Inside the condo rebirth of a landmark Druid Hills church 

Having towered over Ponce for 70 years, a transformed Druid Hills United Methodist Church is about to welcome its first residents—for $640K and up  

1965
Druid Hills United Methodist Church 1200 Ponce
The sanctuary of the former Druid Hills United Methodist Church

Photograph by Josh Green

During the Druid Hills Tour of Homes and Gardens last year, the development company that had bought the old, tall church where Briarcliff Road meets Ponce de Leon Avenue flung open its doors to the public, revealing a sanctuary emptied of its pews and a gutted former preschool.
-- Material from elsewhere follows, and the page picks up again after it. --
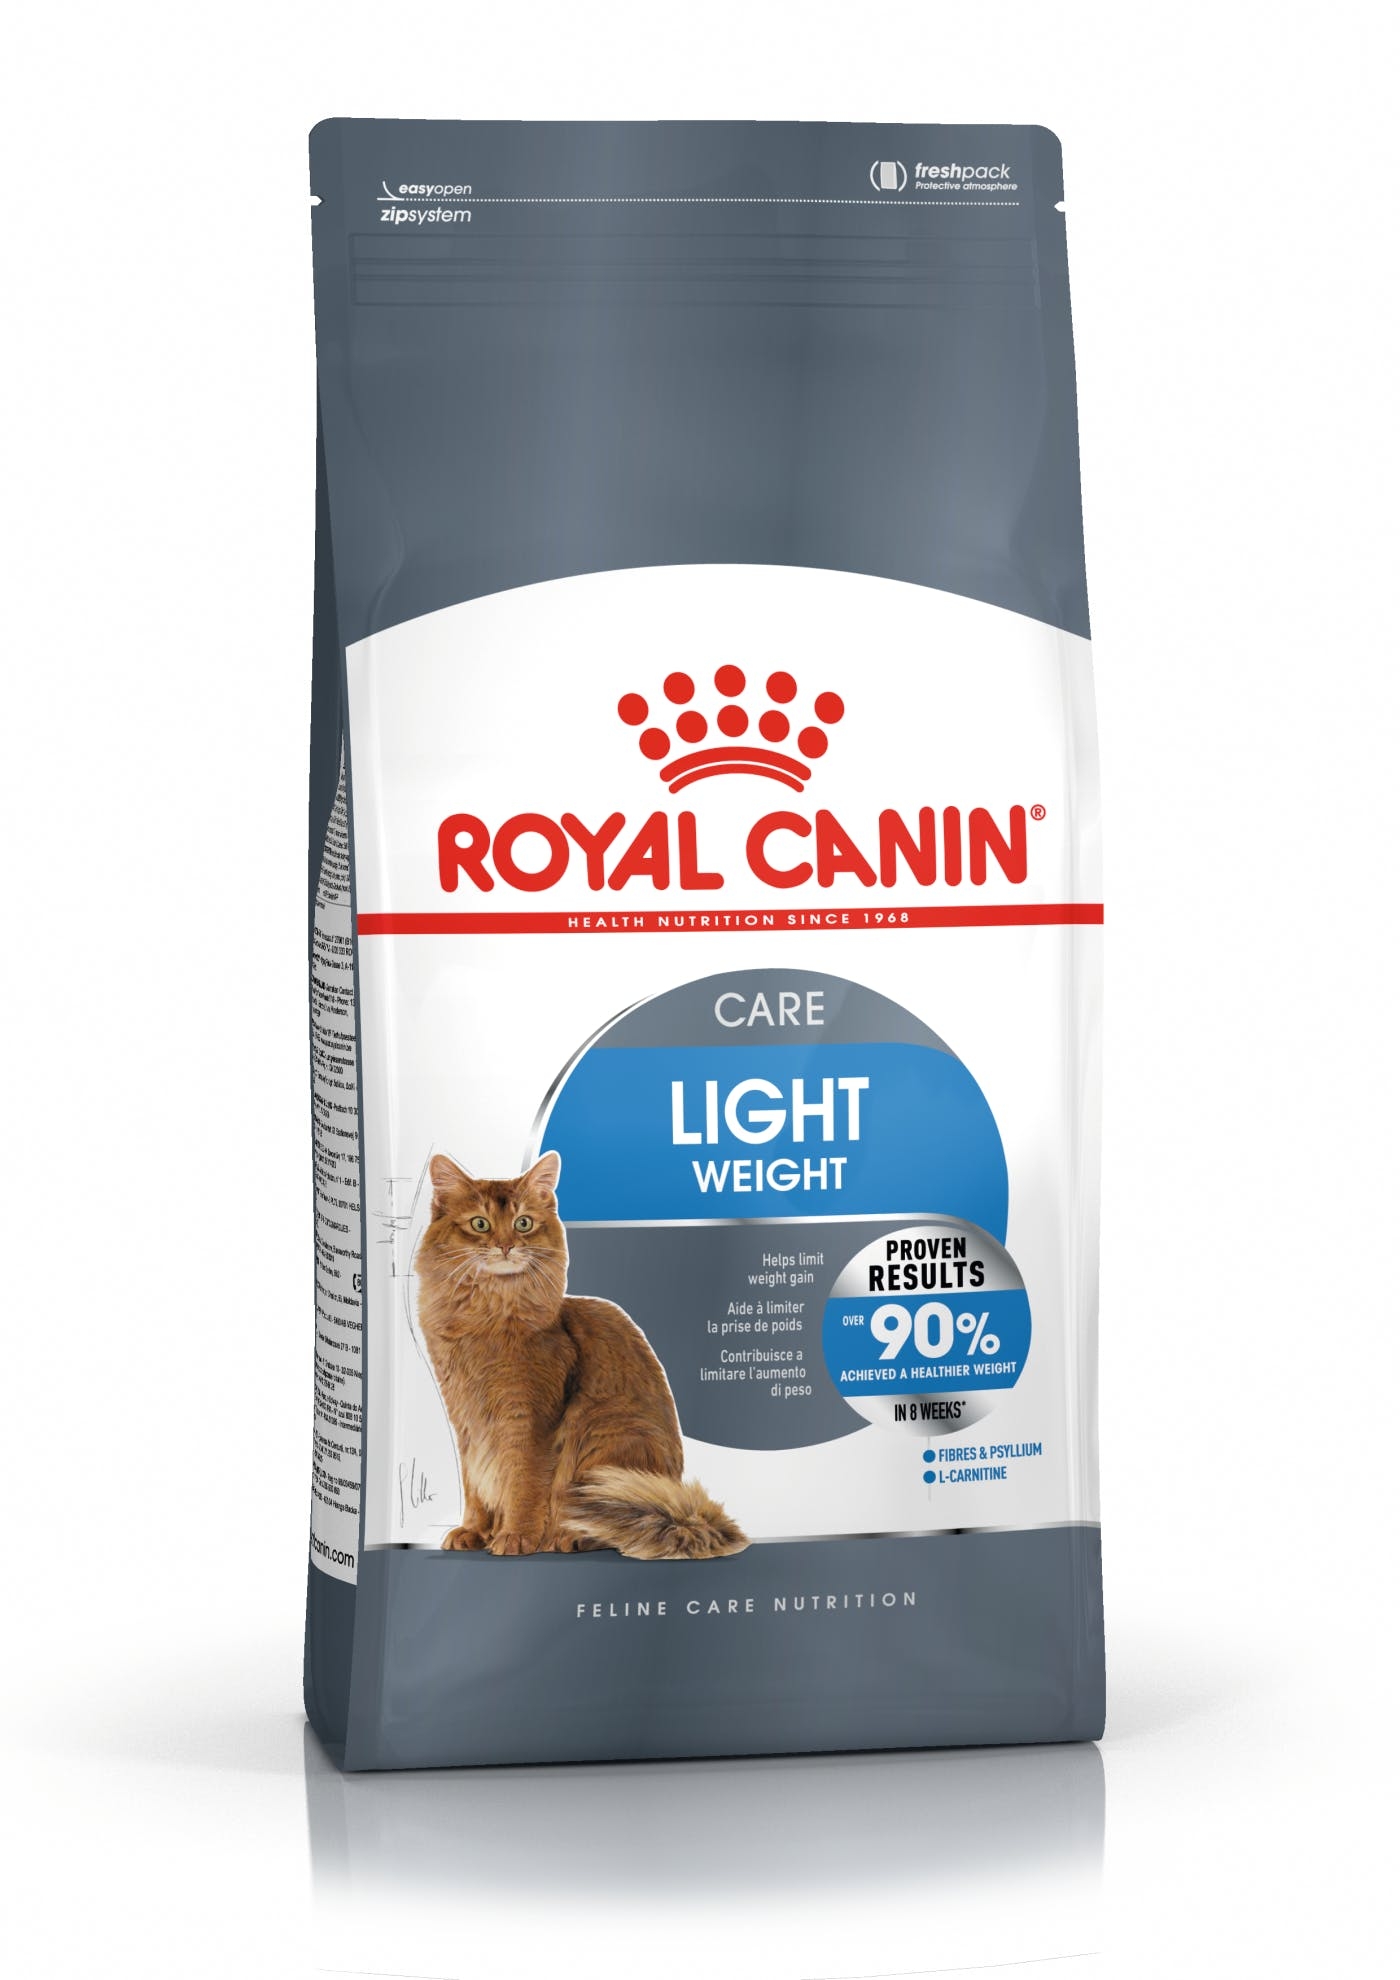 Billede af Royal Canin Light Weight Care. Til den voksne kat med tendens til overvægt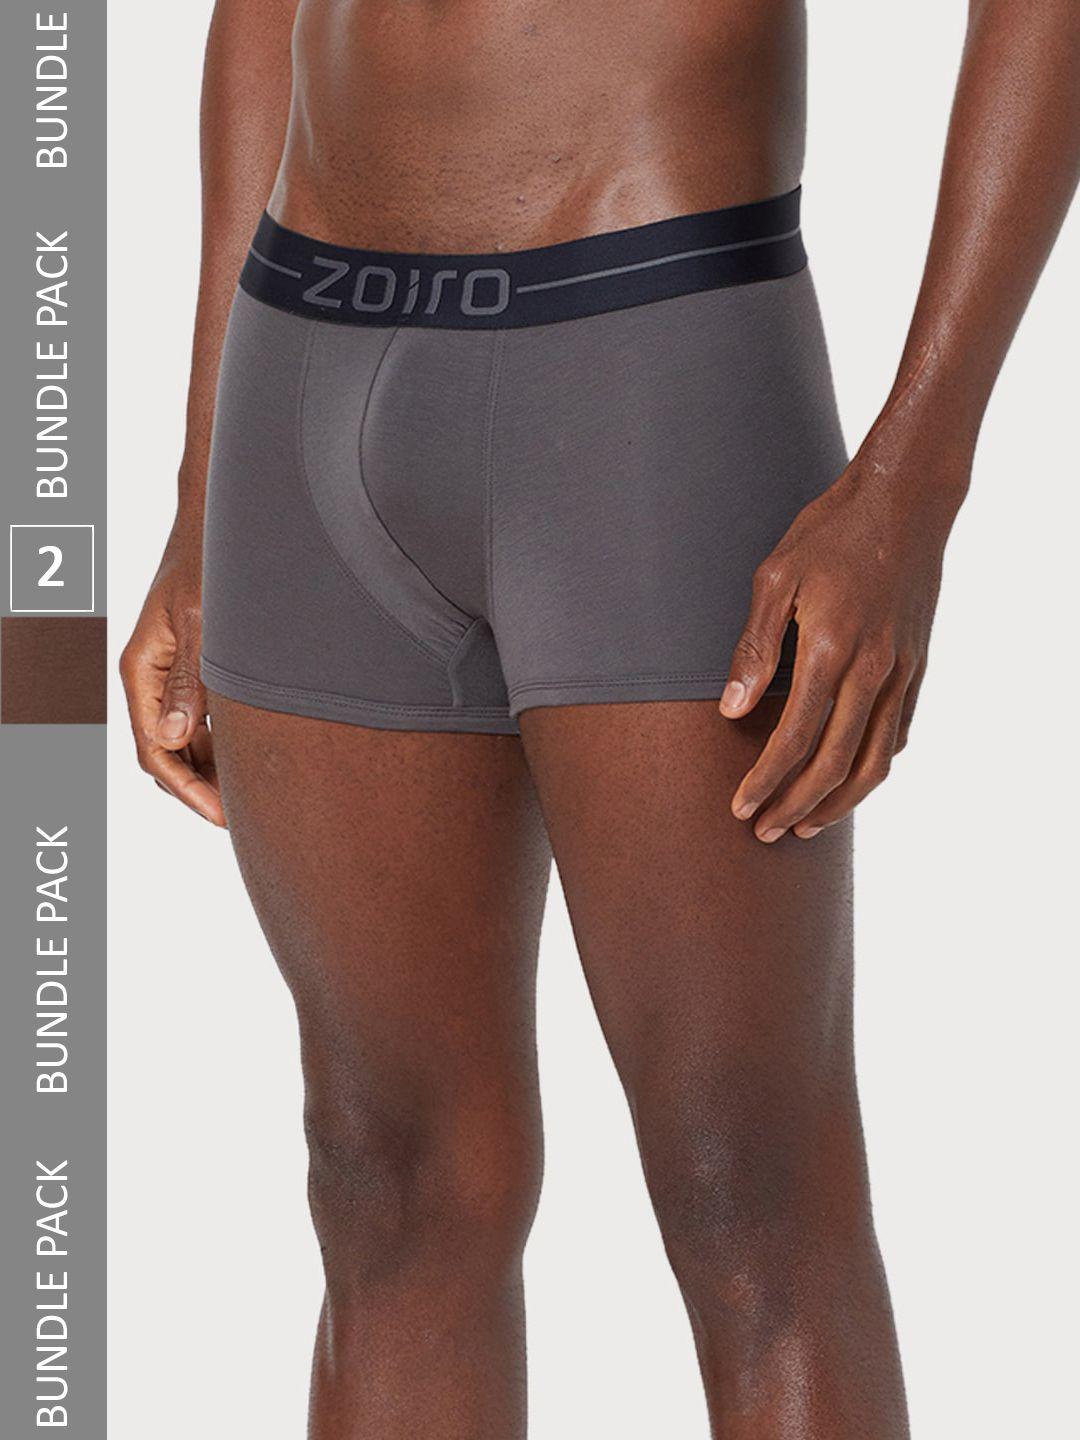 zoiro-men-pack-of-2-outer-elastic-soft-feel-trunks

Curious, sentimental Atlantans poured in.

Couples recalled being married within Druid Hills United Methodist Church’s three-story sanctuary, standing before a grandiose pipe organ. One lady, the niece of John S. Candler, reminisced about playing on the grounds as a child, back when they housed tennis courts and the judge’s stately home. Others remembered attending preschool there, including my eldest daughter, who used to race me up the easternmost stairwell each morning during drop-off.

But sentimentalism contributes little to bottom lines, and developer Brian Davison, a Minerva USA managing partner, understood that the church and school building, like a lot of adaptive-reuse projects at the outset, was essentially worthless. If not worse than worthless.

“Sometimes it’s worth negative—it’s painful,” says Davison, a homebuilder in Atlanta since the 1990s. “You think you get all this steel and concrete, but the cost of retrofitting everything and running plumbing through it is huge, the same or even more than building brand new. But we got something approved here when no one else could.”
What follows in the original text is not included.